Der Maßgeblichkeitsgrundsatz ist aber in vielfacher Weise eingeschränkt. Denn
wenn das Steuerrecht eigene Bestimmungen enthält, gehen die speziellen steuerrechtlichen Ansatz- und Bewertungsvorschriften für Zwecke der Besteuerung den
Regelungen des HGB und den nicht kodifizierten GoB vor. Außerdem werden nicht
alle handelsrechtlichen Wahlrechte steuerrechtlich anerkannt.

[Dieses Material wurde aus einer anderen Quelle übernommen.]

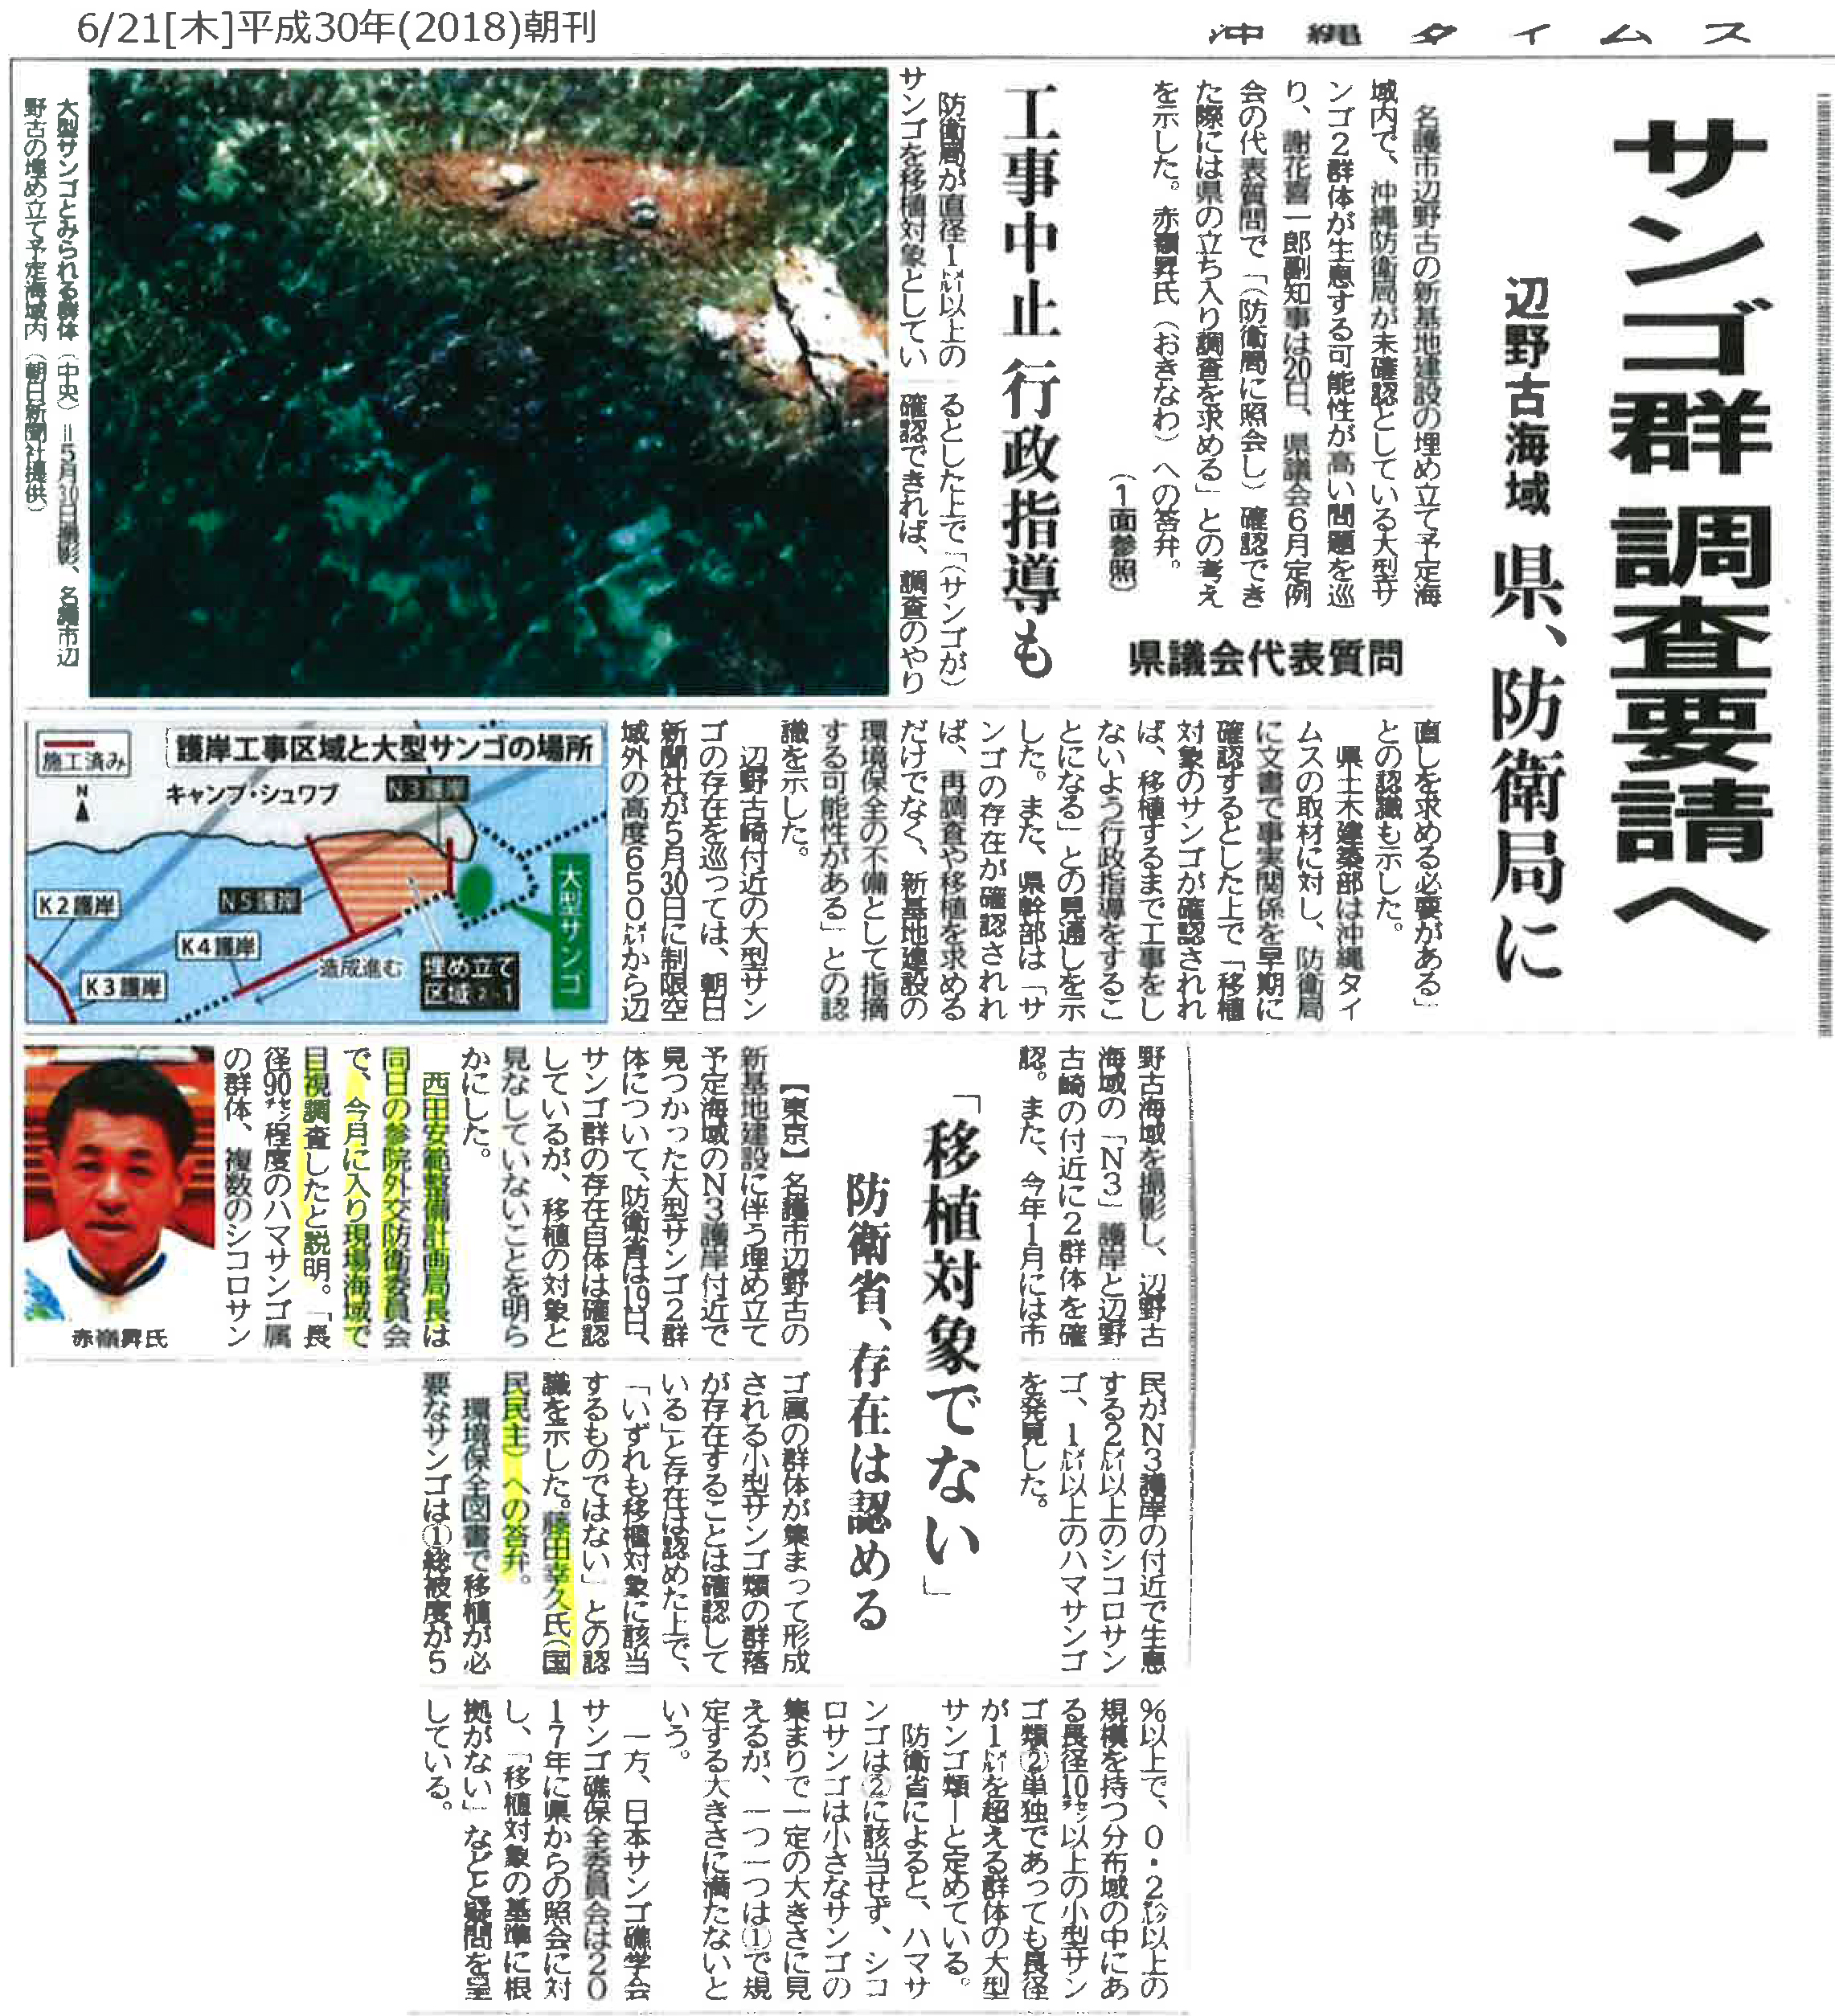 【沖縄タイムス】サンゴ群調査要請へ「移植対象でない」防衛省、存在は認める

Im Zuge der Abschaffung der umgekehrten Maßgeblichkeit im Rahmen des
BilMoG ist die bisherige formelle Maßgeblichkeit, wonach steuerrechtliche Wahlrechte in Übereinstimmung mit der handelsrechtlichen Behandlung auszuüben
waren, weitgehend weggefallen. Dem neuen Gesetzeswortlaut entsprechend sind
nunmehr jedwede steuerrechtliche Wahlrechte autonom ausübbar. Besteht sowohl
nach Handels- als auch Steuerrecht ein Wahlrecht, kann das steuerrechtliche Wahlrecht demnach unabhängig von der Entscheidung für die Handelsbilanz ausgeübt
werden. Materielle Bedeutung entfaltet der Maßgeblichkeitsgrundsatz somit nur noch
in den Fällen, in denen eine steuerrechtliche Norm gänzlich fehlt.